At the Supercomputing Conference 2010 this week, NVIDIA chief scientist Bill Dally went into a little bit of detail (courtesy of EE Times) on the research the company was doing towards the next generation of high-performance computing and how it might bring performance to the exascale level.
The most powerful supercomputers in the world currently perform on the scale of a few petaFLOPS, or thousand teraFLOPS, which works out to several quadrillion calculations per second. An exascale coputer would need to be around 1,000 times faster, capable of at least a quintillion calculations per second. For reference, the ATI Radeon HD 4870 was touted as the first "terascale" GPU, capable of performing at the one teraFLOP level.
More cores, more cache, less power
The most important factor, according to Dally, will be efficiency. He foresees a single graphics-core that can complete a floating-point operation using only 10 picojoules of power, compared to 200 picojoules for the Fermi architecture.
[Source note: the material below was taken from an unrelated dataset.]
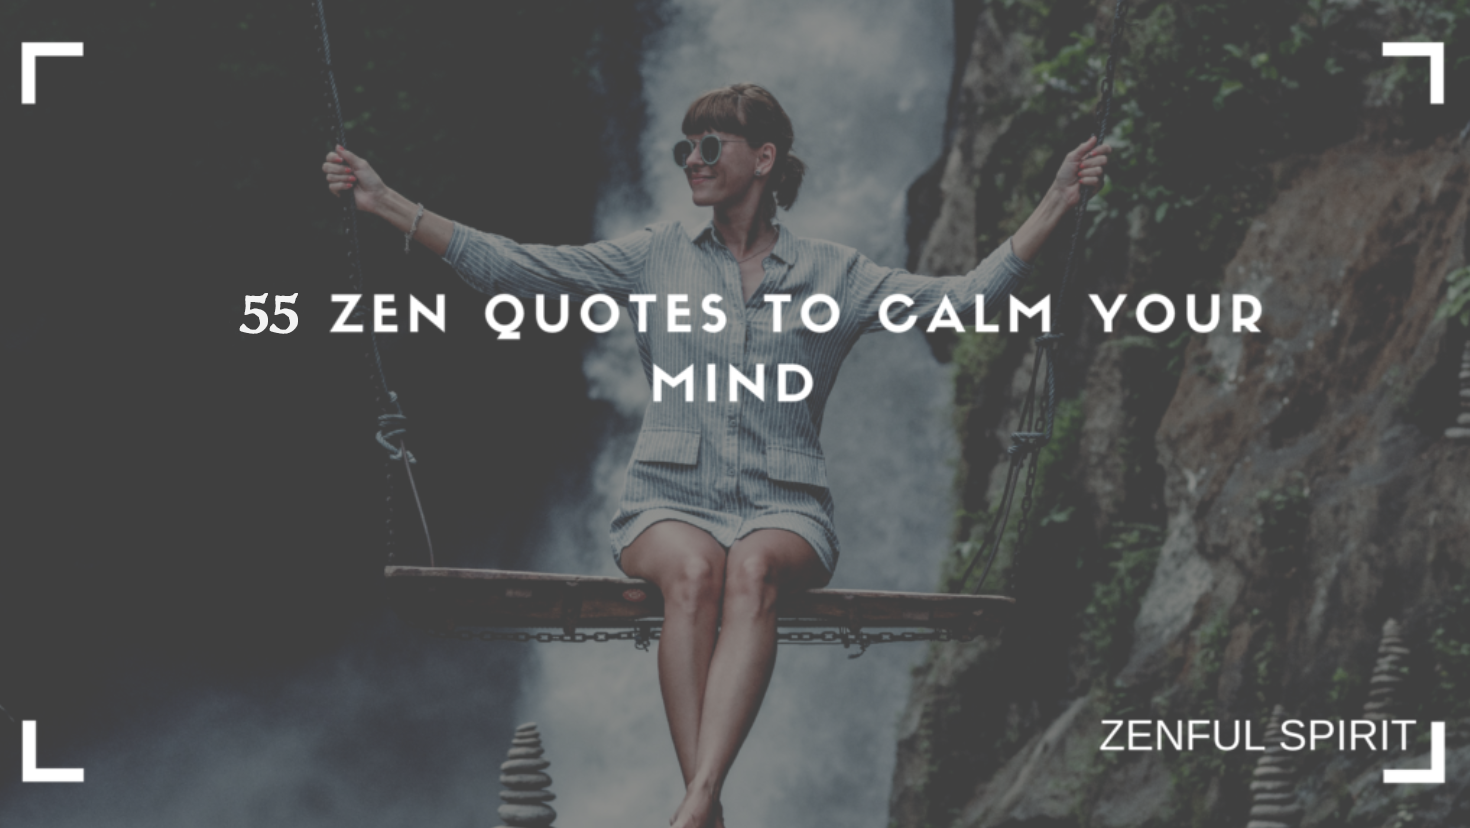 Zen Quotes to Calm Your Mind

A chip - which has been codenamed Echelon - would then be built from 128 streaming multiprocessors (SMs), each of which would contain eight such cores, creating a 1,024-core GPU.
Cache is another important factor, and Daly suggested that Echelon could have up to 256MB. However, it will be possible to dynamically apportion the memory into as many as six levels depending on the needs and of the application.
Extreme performance
All of these architecture considerations will add up to a lot of performance. Because each core would be able to deal with four operations per second - as opposed to one in current cores - an Echelon chip with twice as many cores as one of today's GPUs would be capable of hitting performance of around ten teraFLOPS.
Obviously these sorts of developments will eventually make their way into products across NVIDIA's range. Daly even suggested that a single eight-core SM could one day be the basis of the company's next-generation mobile chips. Unfortunately, the manufacturing processes and facilities now have to catch up with the designs and simulations that the scientists are currently working on.
The point of the research is the DARPA-funded Ubiquitous High Performance Computing project, which NVIDIA is competing in along with Intel, MIT and Sandia National Labs. The goal of the project is to develop a petascale computer in a 57 kilowatt rack by 2014 which could then be used as the basis of an exascale supercomputer by 2018.